It's only a proof of concept at the moment and I don't know if it will see mass adoption but it's a step in the right direction to ending reliance on US-based Big Tech.
I wonder how much work is entailed in transforming Fedora in to a distro that meets some definition of the word "Sovereign" 🤔
Personally I wouldn't want to make a project like this be dependent on the whims of a US defense contractor like RedHat/IBM, especially after what happened with CentOS.
The idea of a "distro for EU public sector" is neat, but even the PoC has some flaws when considering technical sovereignty.
First of all, using Gitlab & Gitlab CI. Gitlab is an American company with most of its developers based in the US. Sure, you could host it by yourself but why would you do it considering Forgejo is lighter and mostly developed by developers based in the EU area?

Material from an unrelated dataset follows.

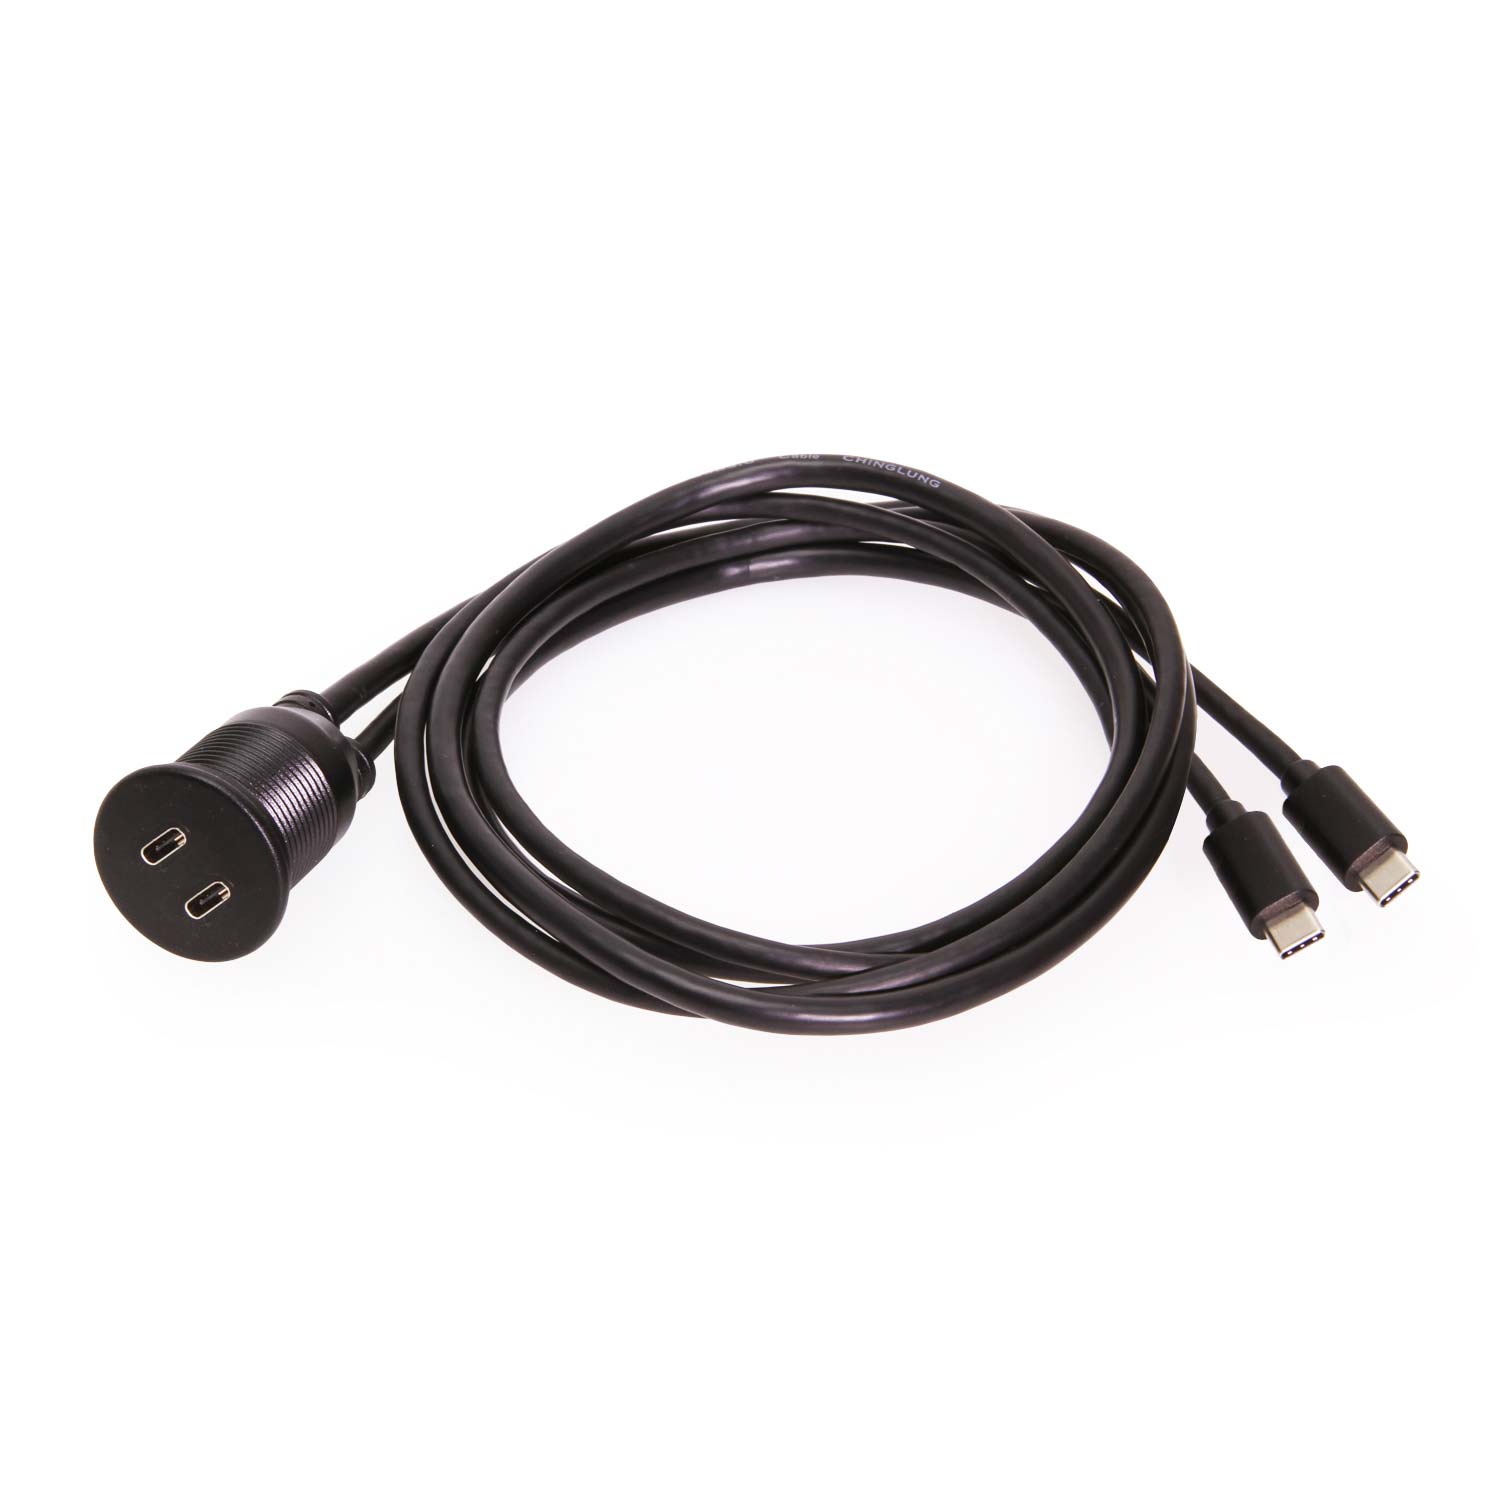 Connector Usb Extension Cable, Usb C Connector Female 2 Pin
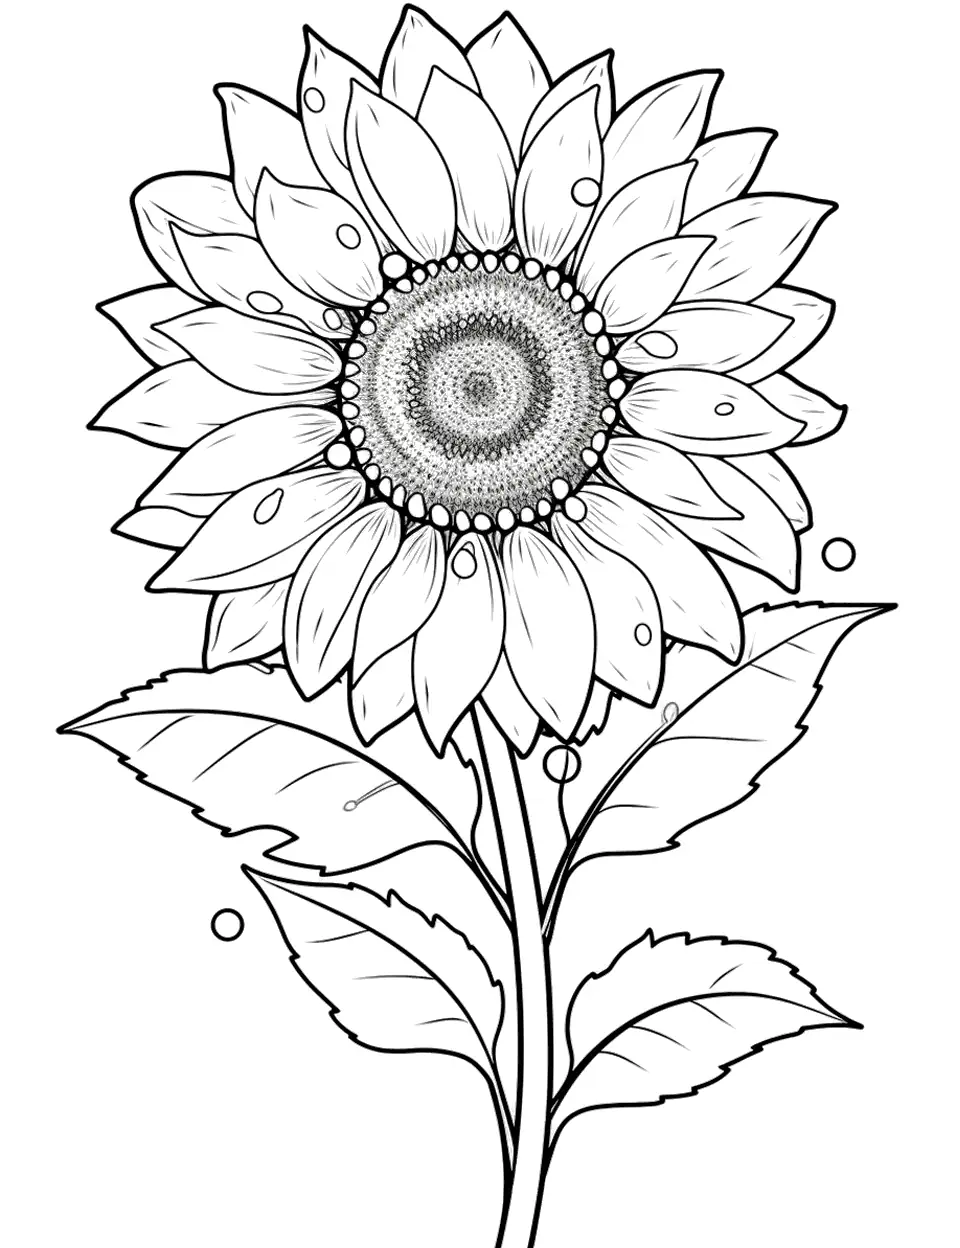 Sunflower with Dew Drops Coloring Page - A sunflower with spring morning dew drops on its petals.

The idea of basing it on Fedora is also somewhat confusing. Sure, it's a good distro for derivatives, but it's mostly developed by IBM developers. The tech sovereignty argument doesn't hold well against Murphy's law.
As much as I love what they're doing, tieing an OS to a specific region via name seems like the opposite of Open Source values..
Then again, I suppose it could just be forked into a more generalized version
Based on a US distro whose versions are supported for 1 year, and "built to the requirements for the EU public sector" (because the EU public sector has one coherent set of requirements and the dev knows them, even if he doesn't list them out).
This is most probably good-intentioned and it is admirable how the dev sprung into action, but it's naive at best.
In my opinion, If sovereignty is the goal i think GTK based DE will be safer than QT based DE.
I am aware of The Free QT foundation
And its relation to KDE
but in a long term there is possibility of things might get complicated if there is change in policy . And even the QT trademark is not totally free. I'm not trying to start DE war, i love both KDE and GNOME.
Fedora is too much into RedHat, and that's an American company, it depends on it. You'll have to go at least Arch, or Debian (which are more community-driven), or Ubuntu or Mint (that are European). But I wouldn't use anything Redhat-produced for an EU OS.